This weekend’s ABC Supply 500 at Pocono will play a crucial role in deciding the 2015 IndyCar champion. MotorSportNotes preview the race examining how testing at Indianapolis, Honda’s upturn in form and team tactics will play out on Sunday.
Testing, testing, testing
Chevrolet’s lead Penske and Ganassi teams left the Indianapolis tire test confident, which should be a concern for their rivals. Penske’s Simon Pagenaud indicated that some of the developments could be used at Pocono this weekend. Coming from the team that was so dominant at Indianapolis in May, that is ominous. Honda have enjoyed a mini-renaissance since but critically none of the circuits visited bare any direct relation to Indianapolis. Pocono does. Combined with a positive test last week and the Chevrolet teams of Penske and Ganassi will likely lead the way in Pennsylvania.
Penske need to lead the way and to execute flawlessly. The jitters that have reared their head recently have put the Captain and his team on the back foot. On paper Pocono could not be a better penultimate round for the defending series champions. Then again, prior to Milwaukee, Iowa and Mid-Ohio few expected Penske to be doing anything other than leading from the front. Further complicating matters is how Roger Penske and Tim Cindric manage the intra-team battles against securing back-to-back championships.
Too many eggs, too many baskets
All four Penske drivers are mathematically capable of winning the title. Realistically Montoya is their best shot but, perhaps frustratingly for Penske, both Castroneves and Power are right on the cusp of being both in contention and almost not. Tony Kanaan will undoubtedly play tail-gunner for Scott Dixon in the closing races and Graham Rahal will continue to play the lone wolf role with relish. If they are not careful, Penske could go from being the team we all feared could sweep 1-2-3-4 in the championship to missing out on the title completely. How Penske’s strategy plays out on Sunday afternoon is definitely something to watch out for.
Been there, done that, got the trophy
Chip Ganassi, Mike Hull and Scott Dixon all know how to play this one out. With Kanaan filling the tail-gunner role, support from Kimball and Karem and Dixon fast on both the remaining circuits, they have a much clearer strategy than Penske and more options on race day than Rahal.
Pocono will be a strong circuit for Ganassi; their performance at Indy was second only to the winning Penske’s and they came away from the Brickyard with plenty of data in the recent tire test. Expect Dixon, Kimball (who finished 3rd at Indy) and Kanaan to be topping the lap speeds and there is no reason Karam – assuming he keeps his nose clean – cannot run at the front of the field. With three on-the-money set ups to copy the rookie should not take long to acclimatize.
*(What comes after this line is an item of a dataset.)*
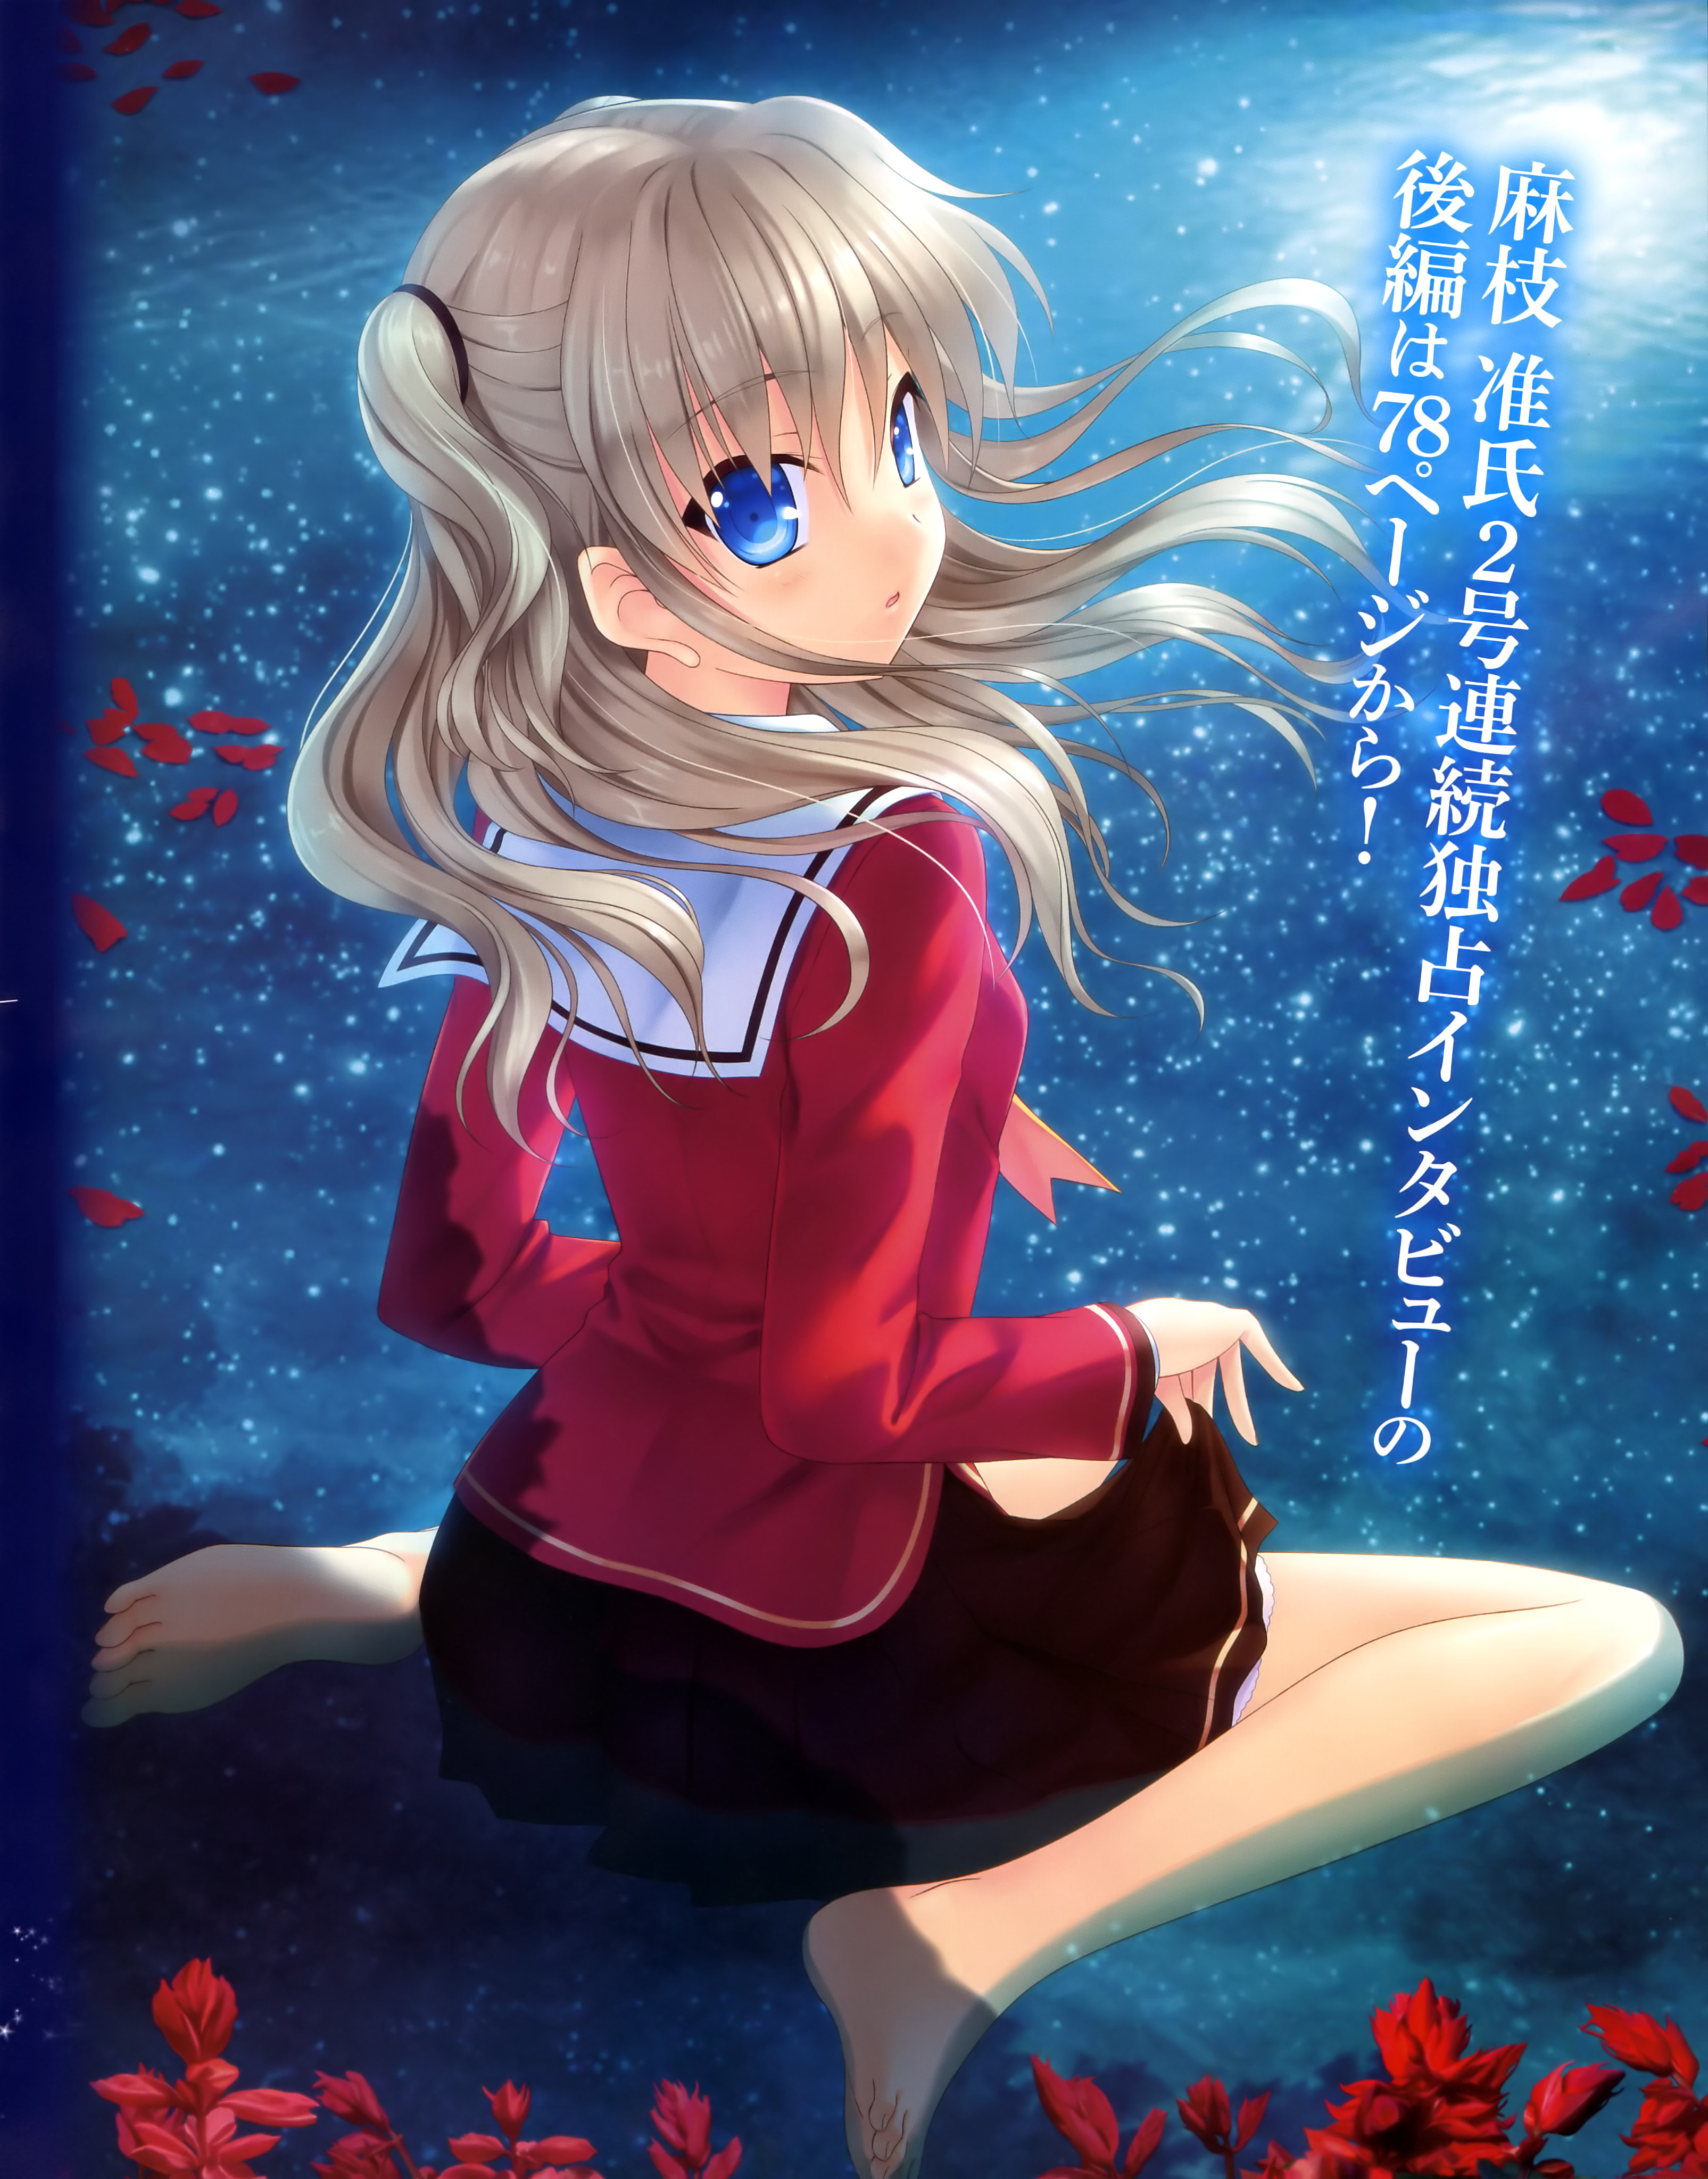 Tomori Nao (Series) Anime Image Board

The Rahal fairytale continues?
Running as part of a one-car team has always been a disadvantage for Graham Rahal though you would not have guessed it recently. Mighty performances have papered over the fact Rahal has no back-up in races and in terms of set-up data. The dual testing at Indy and Sonoma saw Rahal Letterman Lanigan Racing run at the venue for the season finale only.
Unlike Penske and Ganassi they did not have the luxury of running at both. Yes, the season finale is double-points and RLL need to maximize their performance there. But the flip side is that Honda-backed teams probably needed superspeedway feedback for Pocono given their relative lack of pace back in May. A further disadvantage for the smaller teams at Pocono is the 500-mile race distance. With a record setting average speed last season, green flag pit stops will be a deciding factor in the result. That creates pressure for crews which typically sees the smaller, underfunded teams make mistakes.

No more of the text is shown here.